Nasceu na cidade de São João do Piauí em 1909.

 

Poemas extraídos da Antologia poética piauiense (1974):

 

 

JANELA DO PASSADO

 

Debruçado na janela do passado,

Ao longe, distingui longos caminhos,

Repletos de cardos e de espinhos,

Em fileiras de um lado e de outro lado!

 

Lembrei-me de mim mesmo, hoje isolado,

Nos lugares desertos e mesquinhos,

Qual ave a cantar fora dos ninhos,

Num gorjeio saudoso e sufocado...

 

Se a criancinha encosta-se ao peito,

Que sorrindo ou chorando, a sorte escrava,

Não me permite aconchegá-la ao peito!...

 

Espelho sou de luz amortecida;

Foge de mim quem outrora me abraçava,

É uma vida sem vida, a minha vida!...

 

 

 

INTERROGAÇÃO

 

 

Ris, por que ris de mim? julgas por certo

Que eu seja indigno de qualquer carinho?

— Ave perdida procurando ninho

Na solidão profunda do deserto?...

 

Vivo longe de ti, e a passo incerto

Sigo em silêncio o teu feliz caminho,

Porque sem ti me sentirei sozinho,

Trazendo o peito em mágoas encoberto.

 

Não sou capaz de profanar-te o nome,

Sofrendo embora esse martírio ardente,

Na fogueira do amor que me consome!...

 

Não rias, pois, da dor que me rodeia!

Olha que Deus proíbe e não consente,

Que a gente ria da desgraça alheia!... 

  

 

 

O USUÁRIO


                        Pensando simplesmente no dinheiro

                          Vive o rico usurário, noite e dia.

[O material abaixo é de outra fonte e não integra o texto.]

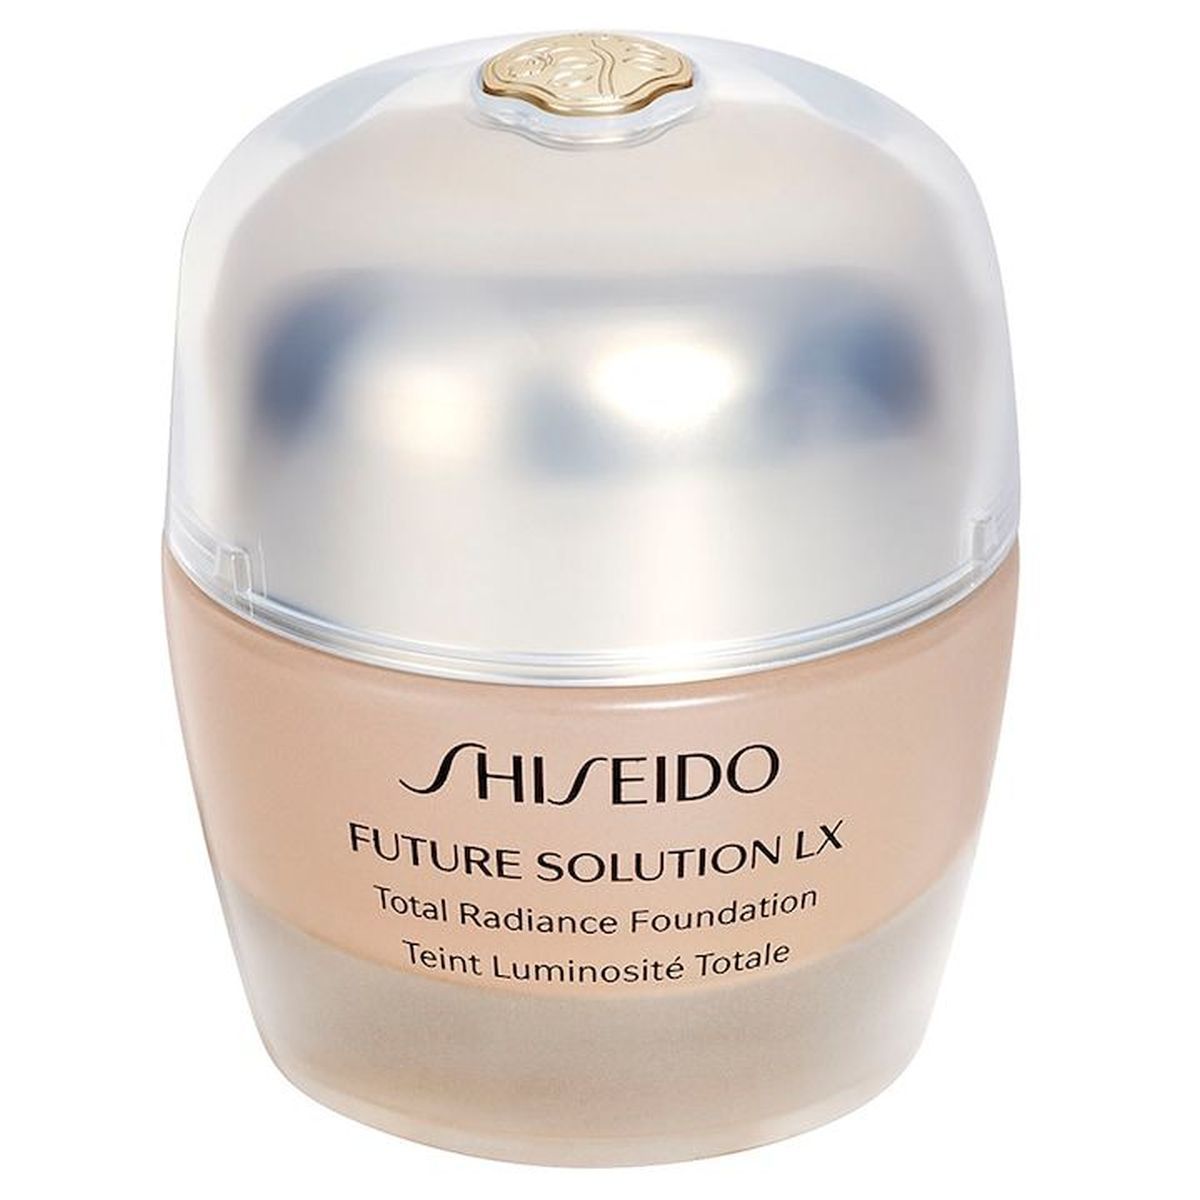 Shiseido solution lx. Shiseido Future solution LX. Shiseido Future solution набор. Shiseido Future solution LX оттенки. Крем для лица шисейдо антивозрастной.

                          Se alguém lhe bate à porta, traz primeiro

                          A nota do que tem por garantia!

 

                          Por quase nada, tudo ele avalia

                          Num gesto de sagaz aventureiro;

                          E em tão pouco tempo, cheio de alegria,

                          Leva do pobre o traste derradeiro.

 

                          O seu Deus é  a riqueza conseguida,

                          Com ela pensa em se livrar do inferno

                          Porque com ela triunfou na vida.

 

                          Mas um pesar em seu viver influi,

                          Saber que morre e o desespero eterno

                          De não poder levar o que possui.